En ese entonces, la biblioteca se convirtió en el mejor lugar del mundo. Sus muros eran altísimos, un cielo de suaves nubes verdes donde nos sentábamos por horas. A veces me pregunto si lo que me gustaba en realidad es que era el único día de la semana donde veía más a mi papá. A veces íbamos a leer solas, otras, él nos leía, y otros días simplemente nos dejábamos abrazar por las estanterías repletas de dibujos y colores. Mi papá no hablaba mucho, a menos que fuera de lo que leía. Cuando cumplí 22 me escribió un acróstico tan hermoso que jamás dudaría de su amor, aunque tuvieron que pasar muchas más primaveras para que yo comprendiera por qué prefería hablar con Don Quijote, y no con las personas reales a su alrededor.
Indudablemente de él heredé ese amor por las letras, y aunque mis mejores recuerdos de infancia tienen que ver con la lectura, también pasé por momentos oscuros con ella, como la vez que me enteré por la biblia que las personas podíamos ir al infierno, que podíamos perder el amor de Dios. Y sí, me explicaron que si yo era lo suficientemente buena no padecería ese sufrimiento. Aun así, la idea del castigo eterno a veces aparece en mis pesadillas.

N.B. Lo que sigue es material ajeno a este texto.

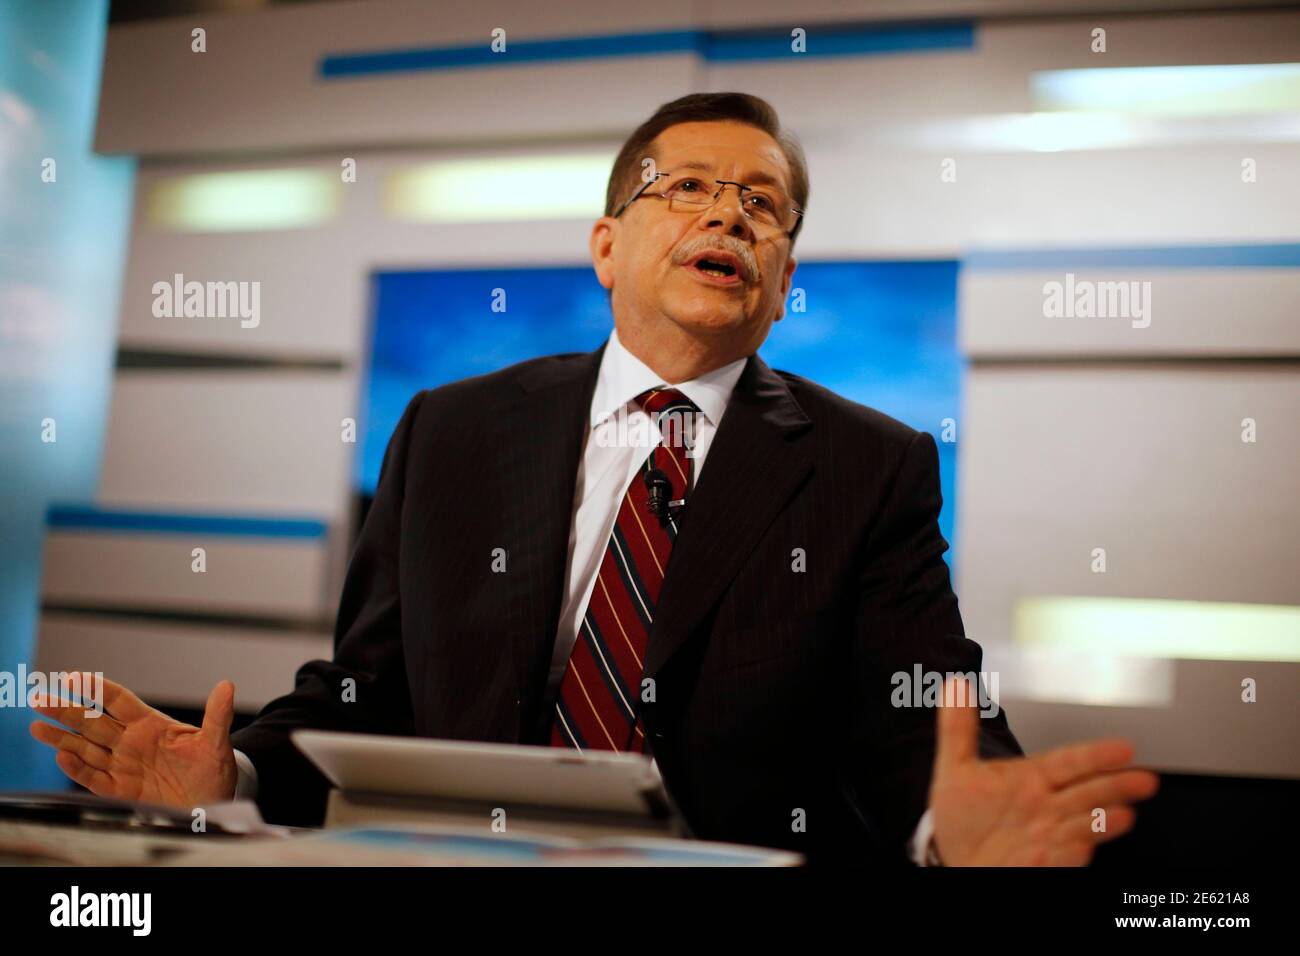 Leopoldo Castillo, anchor and director of TV station Globovision, speaks  during his daily broadcast 'Alo Ciudadano' (Hello Citizen) in Caracas May  28, 2013. A flagship Venezuelan TV channel known for its militant

Los libros me hicieron curiosa, y lamento no tener grandes historias con los clásicos de siempre. Y sí, es cierto que ese lamento nació de los ojos inquisidores a mi alrededor, de la voz de los señores profesores que, desde sus tronos, me decían que si no había leído a García Márquez, si no adoraba a Neruda, yo no era una verdadera lectora. En algún punto me volví distante. Quizás la última novela obligatoria que me cautivó fue La casa de los espíritus, y luego dejé de leer ficción.
Leer y escribir siempre estuvieron ligados para mí. En segundo básico gané un concurso de poemas a María Auxiliadora, virgen santa que daba nombre a mi colegio. Irónico que sin siquiera ser católica obtuviese igual el primer lugar. Eso me pareció gracioso en el momento, y llegué a preguntarme si realmente podría ser buena escribiendo. Escribía en todas partes. Mi mamá contaba –con cierto orgullo– que mientras a otras niñas les llevaban muñecas para entretenerse, a mí me bastaba con un cuaderno en blanco y lápices. Mi papá me enseño a hacer acrósticos, acrónimos, poemas, y una hoja en blanco significaba para mí un mundo de posibilidades.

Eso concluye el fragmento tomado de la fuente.